Так вот и вековал свой век Дзидорюс-пахарь, живя для людей и среди людей. Для себя же лично он жил совсем другой жизнью, причем опять-таки двойственной.
Получив свободу, дядя Шюкштасов тоже кое-что выиграл: у него уже было если и не свое, то во всяком случае предназначенное для его кровати место, а именно: закуток, называемый «дядиной клетушкой». Он получился после того, как две клети о четырех стенах построили рядом, но раздельно. Оставалось заделать промежуток между ними двумя стенками — и третья клеть готова. Одна предназначалась для одежды и женщин, вторая — для зерна и батраков, в третью снесли упряжь, сыромять, железины. Тут-то уж один простенок по праву принадлежал дяде, и никто больше не мог поставить туда свою кровать или валяться на дядиной. У семейства хватало деликатности не бухаться на его постель даже тогда, когда дядя не приходил ночевать; все лето напролет он выгонял своих волов в ночное, чтобы пораньше их запрячь.
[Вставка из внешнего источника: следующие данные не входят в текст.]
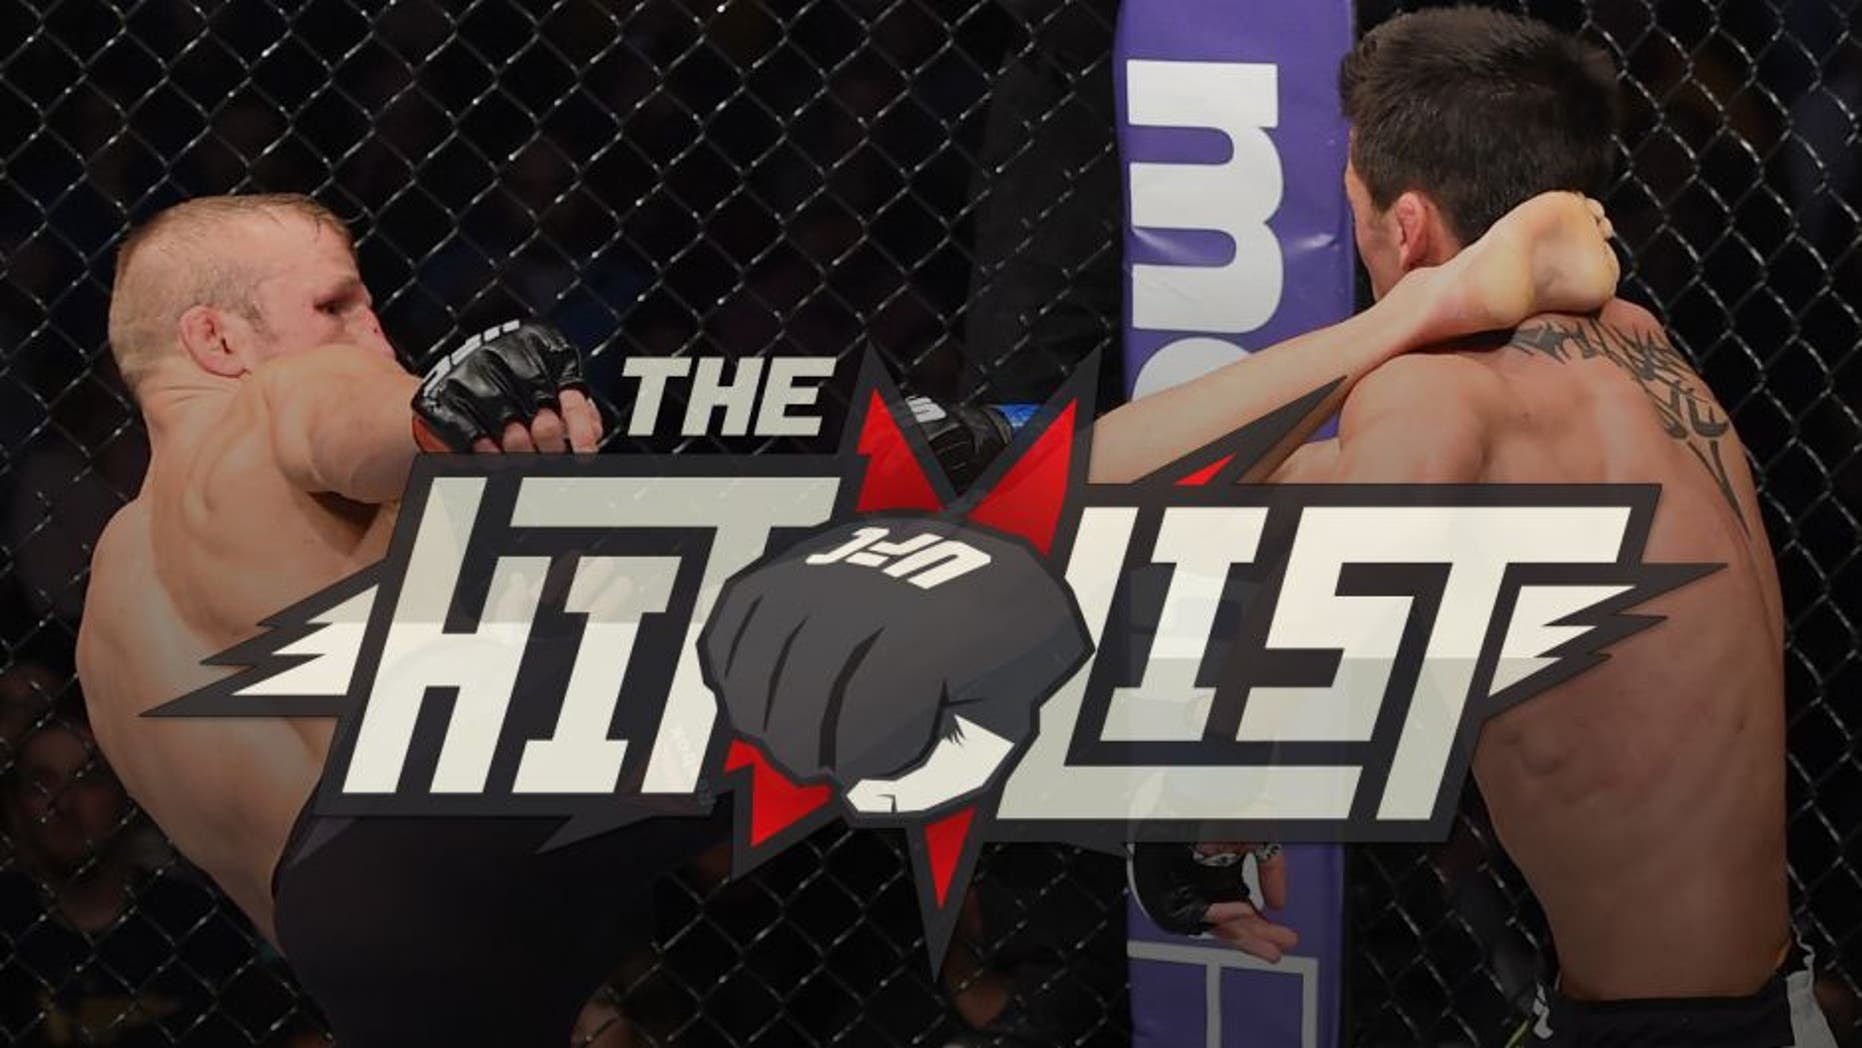 BOSTON, MA - JANUARY 17: (L-R) TJ Dillashaw kicks Dominick Cruz in their UFC bantamweight championship bout during the UFC Fight Night event inside TD Garden on January 17, 2016 in Boston, Massachusetts. (Photo by Jeff Bottari/Zuffa LLC/Zuffa LLC via Getty Images)

Итак, в дядиной клетушке между стен, или, если быть точным, в дядюшкином простенке, стояла кровать, простыню на которой меняли когда-никогда, а пододеяльники, правда, почаще. Напротив дверей — столик, на нем молитвенники и две-три старые потрепанные книжонки религиозного содержания да пара восковых свечей. На стене висела снятая с прогнившего креста величайшая дядина святыня — огромное распятие, по обе стороны которого находились священные предметы, пожалуй, ничуть не меньшего достоинства: сработанная им в молодости скрипочка с оборванными струнами и когда-то зеленый-презеленый, а нынче уже выцветший, хотя и совсем целый, без спущенных петель шарфик. Он сильно вытянулся от употребления и не был уже таким пушистым, теплым и приятным на ощупь, как прежде; теперь он больше смахивал на кушак, чем на шарфик, которым обматывают шею, и все-таки алые и желтые цветочки, похожие на те, что росли когда-то в низинном лесу, были видны еще отчетливо.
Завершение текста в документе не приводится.